» WORK INSTRUCTION
Reproduce every line of the data, exactly and without its pictures.

» SOURCE DATA
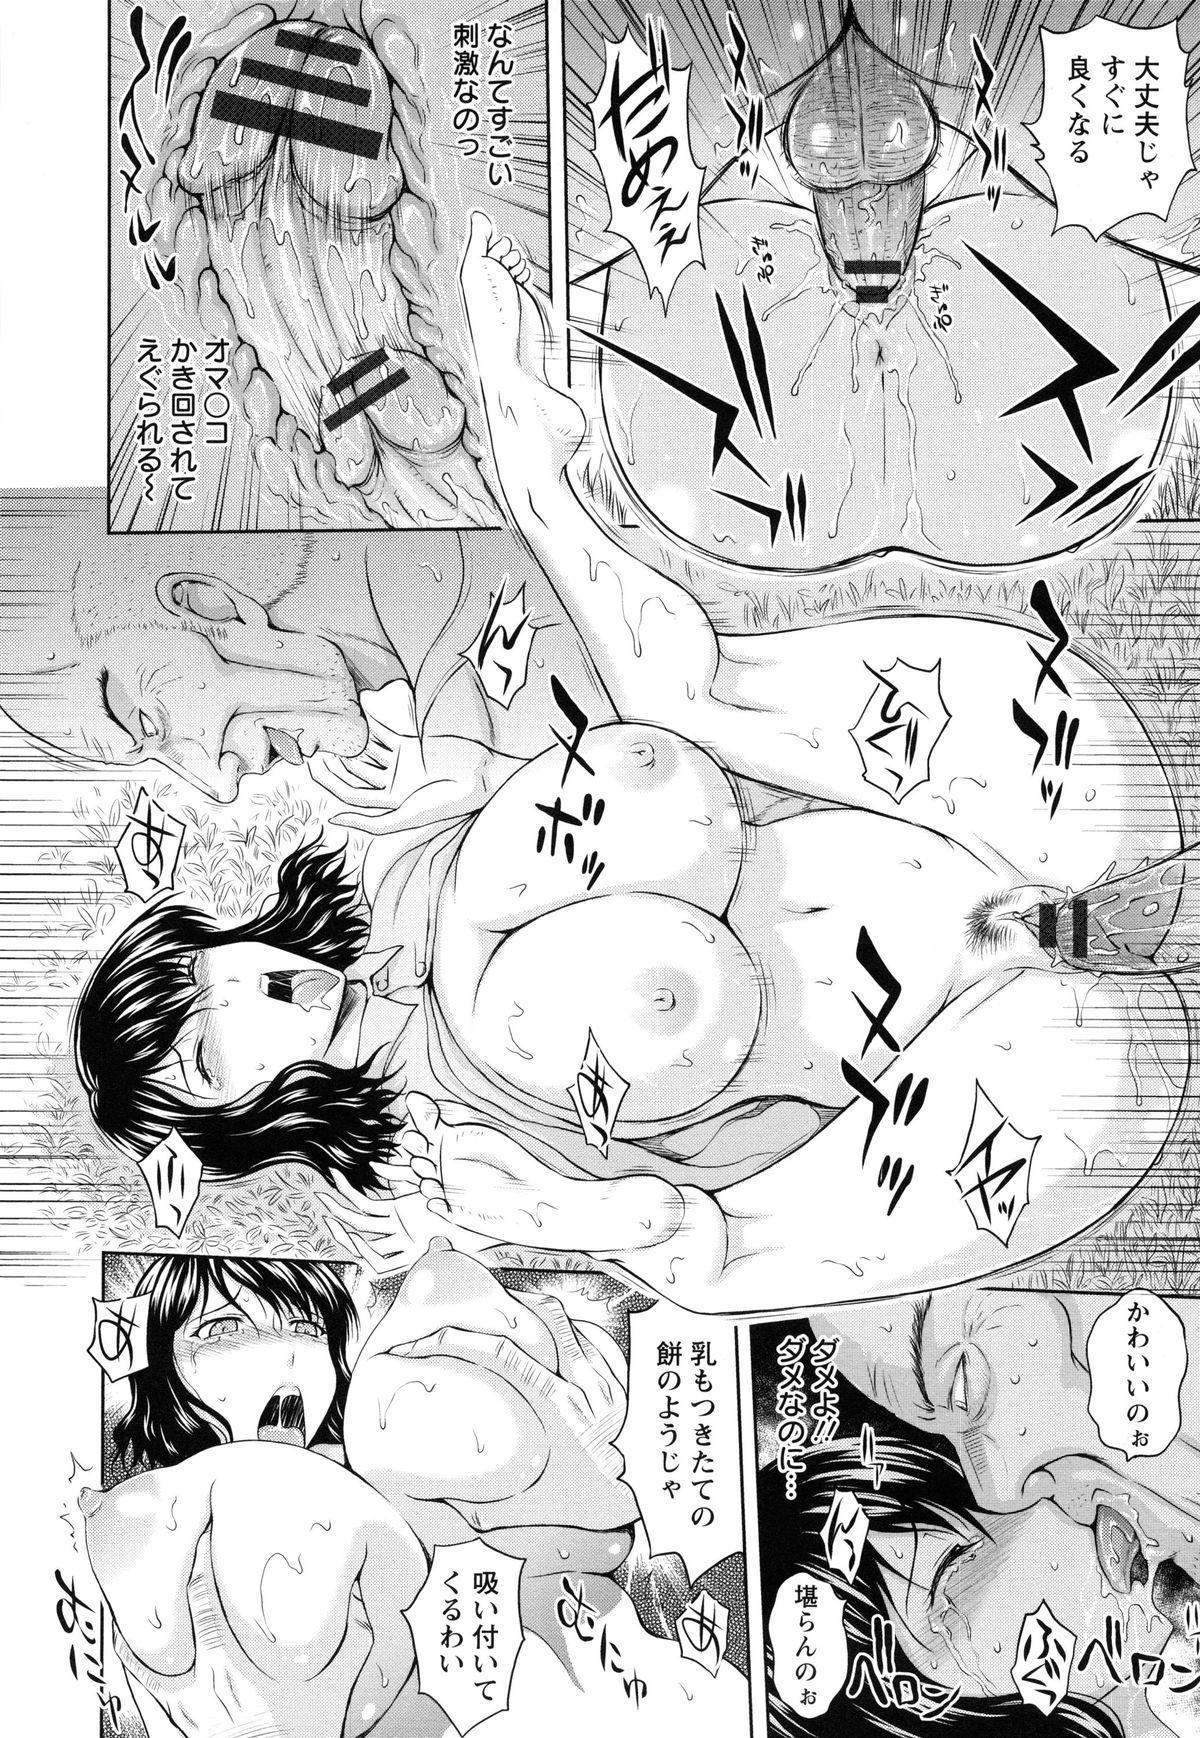 Inbaku no Wakazuma 63
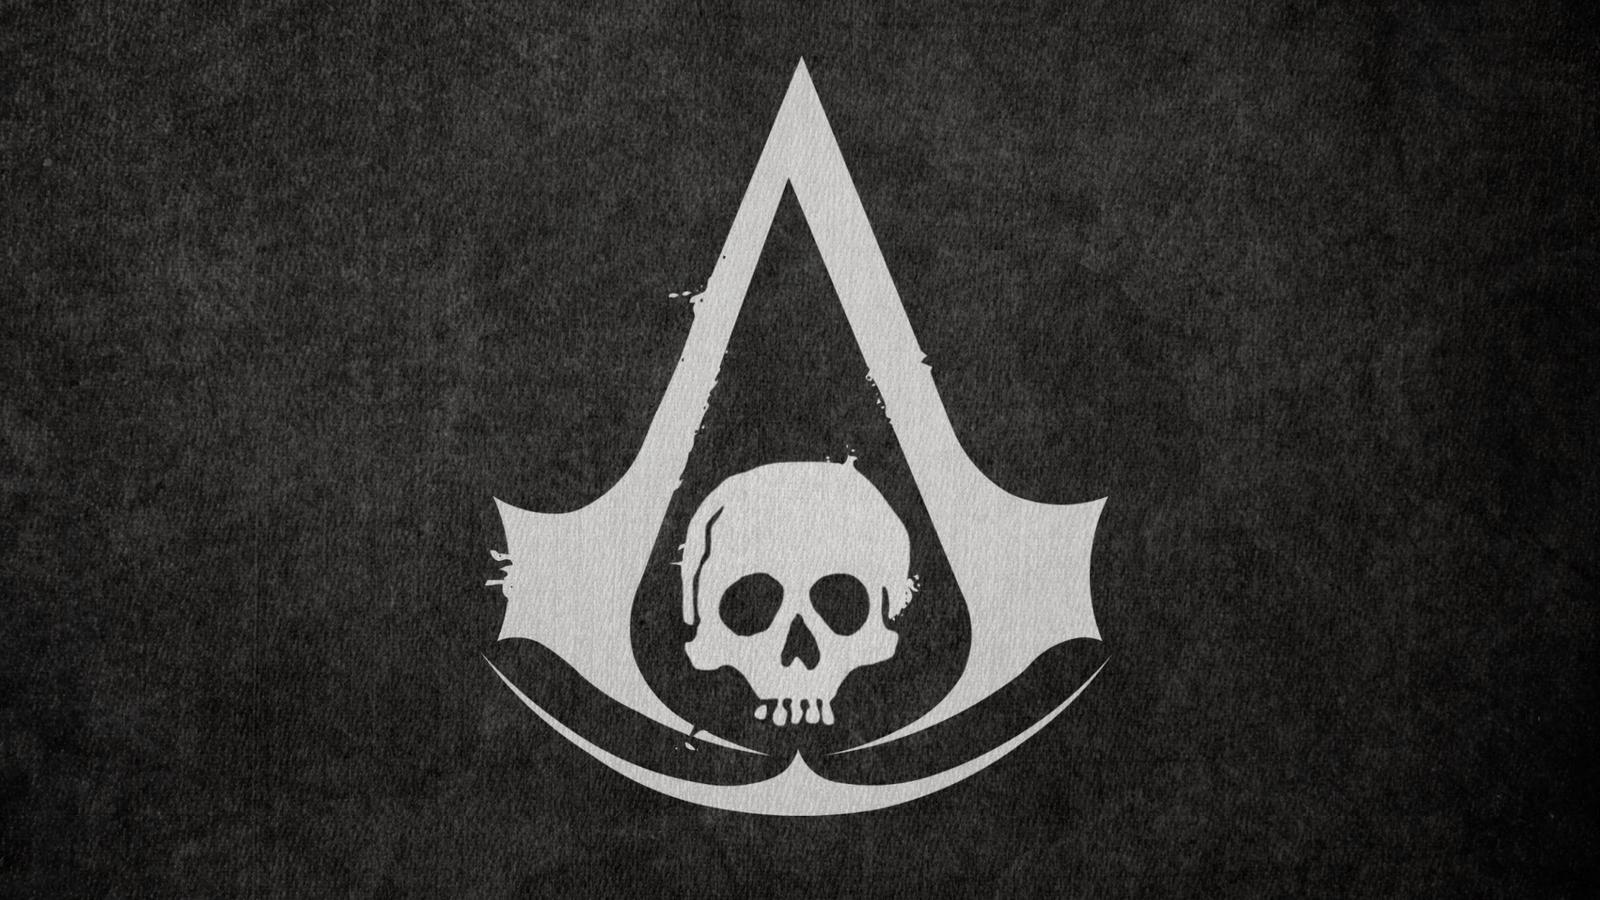 Assassin S Creed Iv Black Flag Wallpaper By Okiir Deviantart
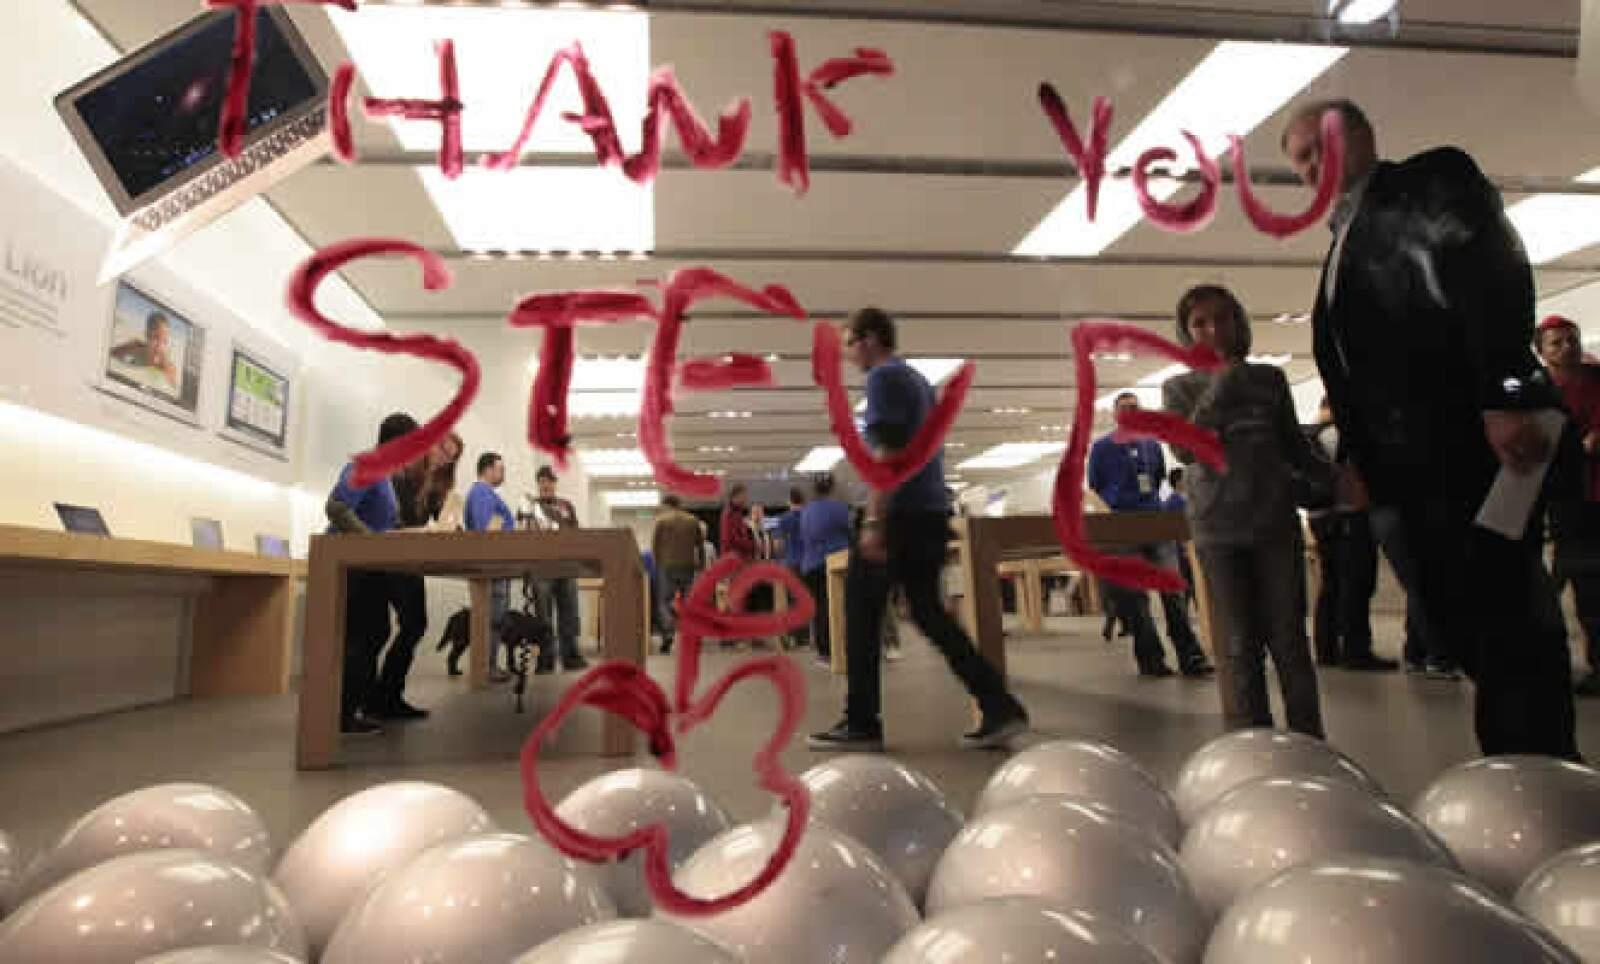 Los fanáticos de la firma de la manzana no tardaron en mostrar sus mensajes de agradecimiento a la figura de Steve Jobs.

» SOLUTION TO THE EXERCISE
 Inbaku no Wakazuma 63
 Assassin S Creed Iv Black Flag Wallpaper By Okiir Deviantart
 Los fanáticos de la firma de la manzana no tardaron en mostrar sus mensajes de agradecimiento a la figura de Steve Jobs.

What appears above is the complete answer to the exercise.